BP Agrees to Measures to Prevent Burning of Endangered Sea Turtles

New Orleans, LA -- BP and the United States Coast Guard, defendants in a lawsuit filed by the Animal Welfare Institute (AWI) and other animal protection and conservation groups, agreed today to measures designed to prevent the burning of endangered sea turtles during efforts to remove oil from  the massive spill in the Gulf of Mexico.

"We are pleased that BP and the Coast Guard have agreed to take a variety of actions to prevent the horrific burning alive of endangered sea turtles," says AWI President Cathy Liss.

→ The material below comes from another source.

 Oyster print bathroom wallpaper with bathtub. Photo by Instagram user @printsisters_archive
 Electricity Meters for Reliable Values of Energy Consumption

As part of efforts to contain the oil spill that continues to devastate the Gulf, BP has been using "controlled burns" whereby oil is corralled by fire resistant booms dragged through the water by “igniter” boats and then lit on fire. Endangered sea turtles, including the Kemp's ridley, one of the rarest sea turtles on Earth, are caught in the gathered oil and are unable to escape when the oil is set ablaze.

The law firm of Meyer Glitzenstein & Crystal, acting on behalf of the plaintiffs, negotiated the interim agreement with BP and the U.S. Coast Guard. The agreement was presented in federal court today to the Honorable Carl Barbier of the U.S. District Court for the Eastern District of Louisiana, who is presiding over the case.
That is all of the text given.